──────── Source records ────────

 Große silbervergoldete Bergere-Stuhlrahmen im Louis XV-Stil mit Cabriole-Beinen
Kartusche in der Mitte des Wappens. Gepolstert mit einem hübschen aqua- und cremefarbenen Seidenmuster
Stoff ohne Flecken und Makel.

────────
──────── Source records ────────

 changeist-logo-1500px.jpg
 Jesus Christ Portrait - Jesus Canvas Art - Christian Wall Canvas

────────
──────── Source records ────────

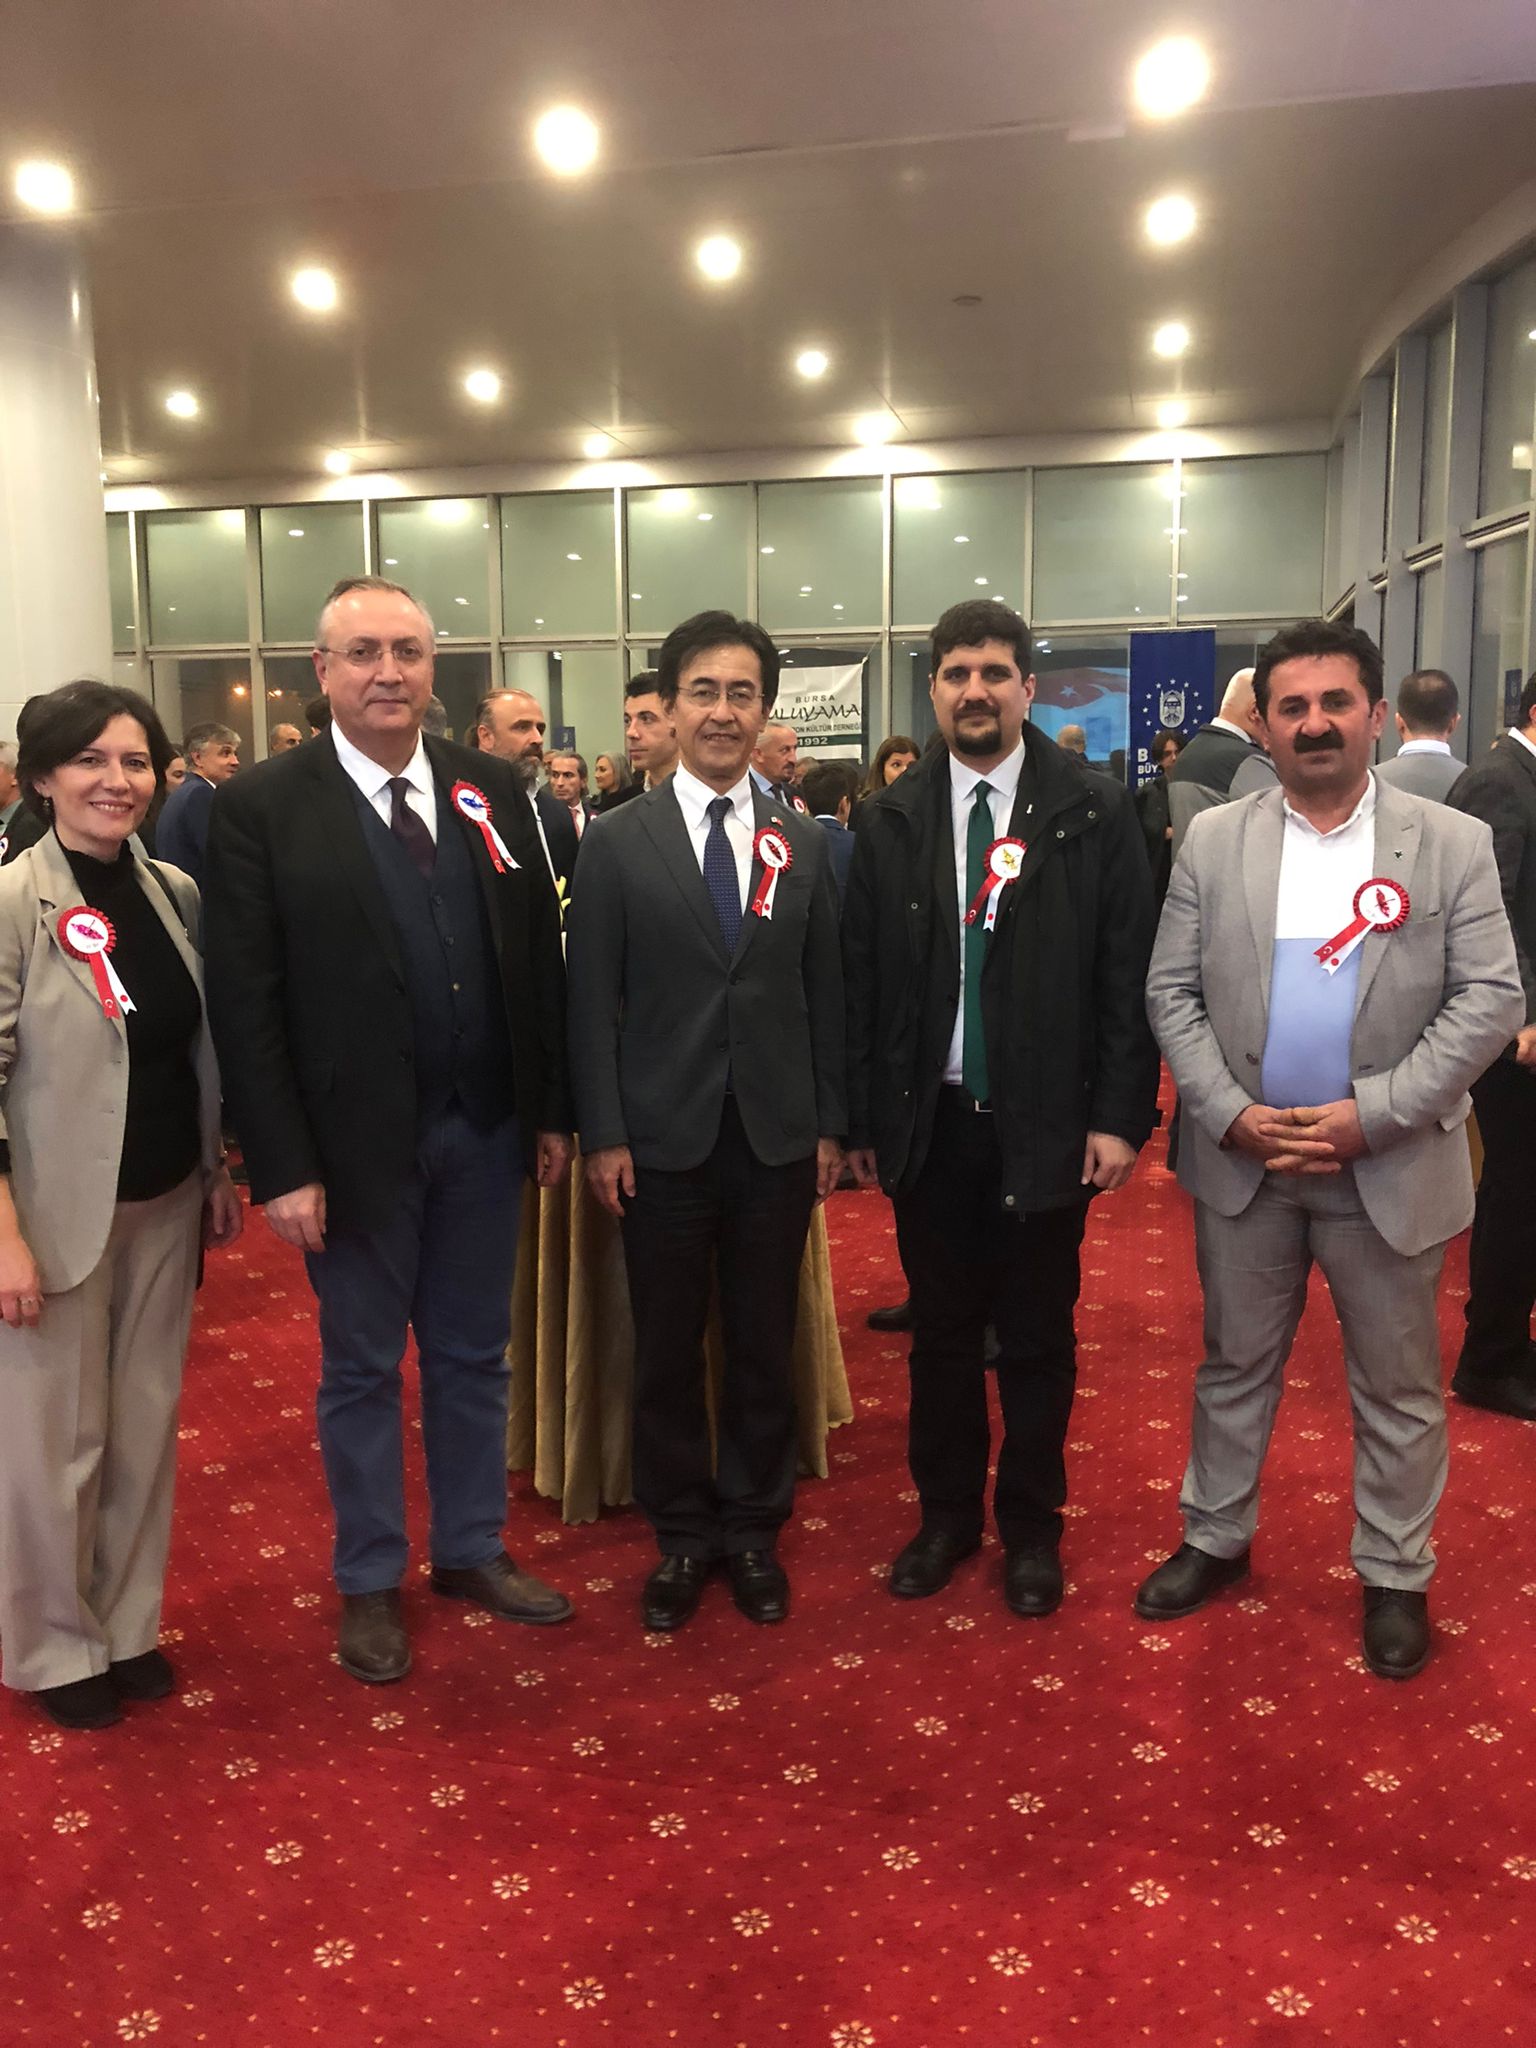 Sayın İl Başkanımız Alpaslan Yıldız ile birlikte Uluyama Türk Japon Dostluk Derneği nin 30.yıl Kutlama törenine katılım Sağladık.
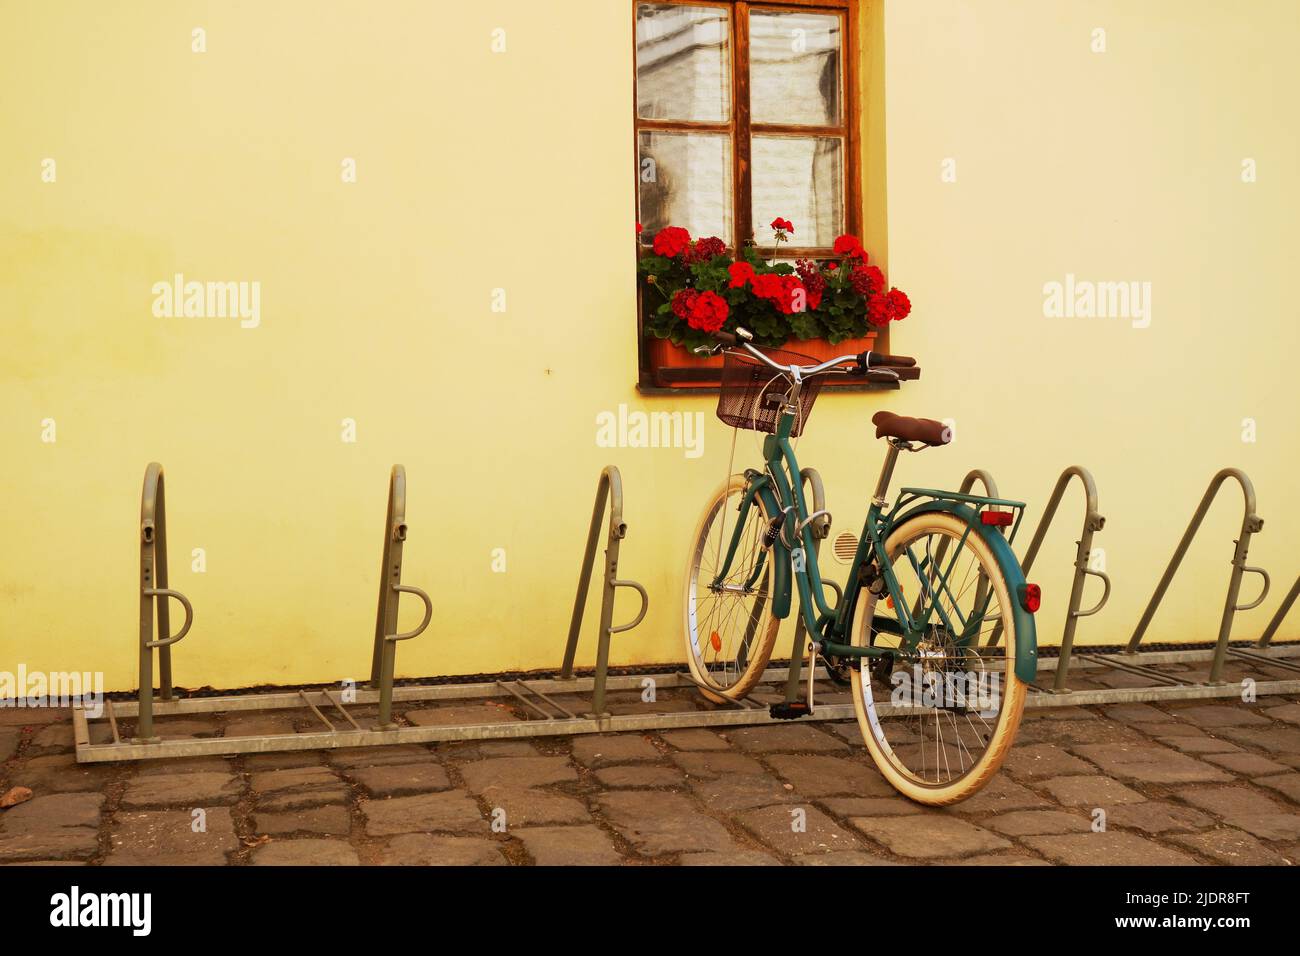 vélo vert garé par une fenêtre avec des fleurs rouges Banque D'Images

────────

Task to carry out:
Would you copy out exactly the lines above that start at the one containing "Große silbervergoldete Bergere-Stuhlrahmen" and end at the one containing "Stoff ohne Flecken und Makel.", inclusive?

Solution below:
 Große silbervergoldete Bergere-Stuhlrahmen im Louis XV-Stil mit Cabriole-Beinen
Kartusche in der Mitte des Wappens. Gepolstert mit einem hübschen aqua- und cremefarbenen Seidenmuster
Stoff ohne Flecken und Makel.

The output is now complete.